---------- RECORDS TO PROCESS ----------

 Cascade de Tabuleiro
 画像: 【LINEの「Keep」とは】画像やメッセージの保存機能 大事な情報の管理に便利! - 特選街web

----------
---------- RECORDS TO PROCESS ----------

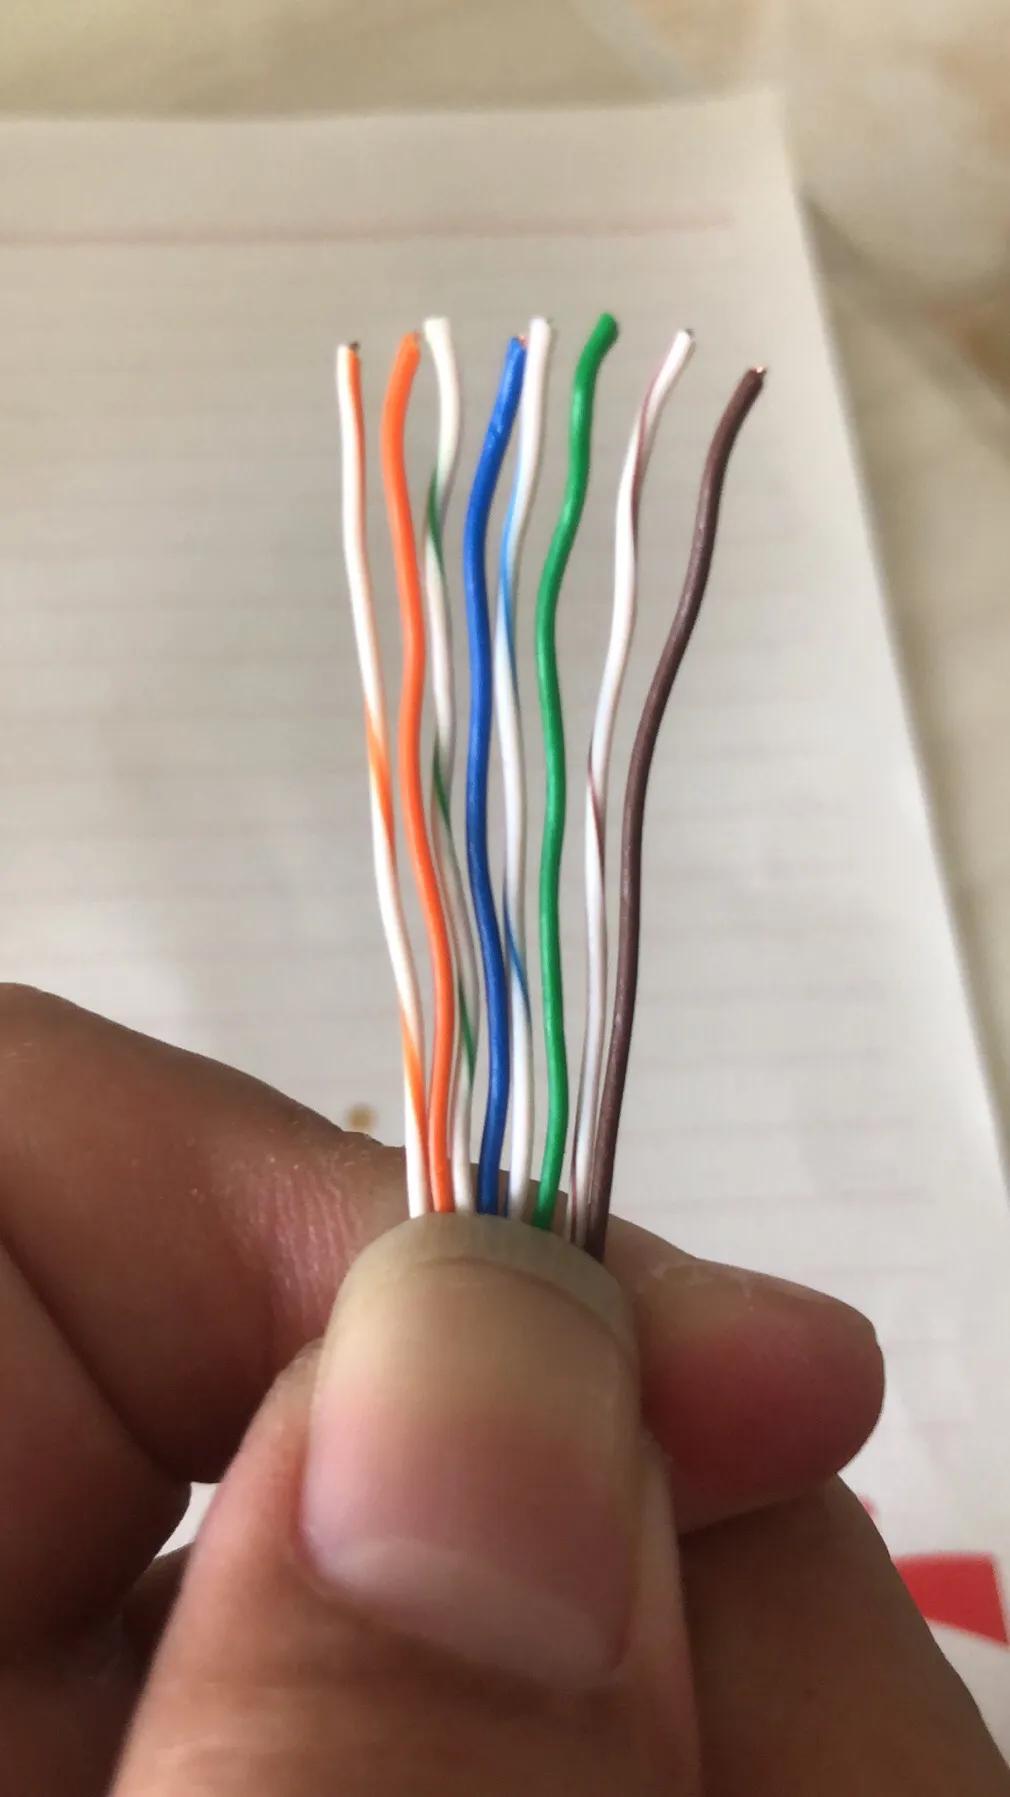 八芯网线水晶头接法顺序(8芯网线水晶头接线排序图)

----------

• **WORK TASK**
Please transcribe exactly the lines above from the line that has "Cascade de Tabuleiro" up to and including the line that has "画像: 【LINEの「Keep」とは】画像やメッセージの保存機能 大事な情報の管理に便利!"; no other line belongs in the answer.

• **TASK OUTPUT**
 Cascade de Tabuleiro
 画像: 【LINEの「Keep」とは】画像やメッセージの保存機能 大事な情報の管理に便利! - 特選街web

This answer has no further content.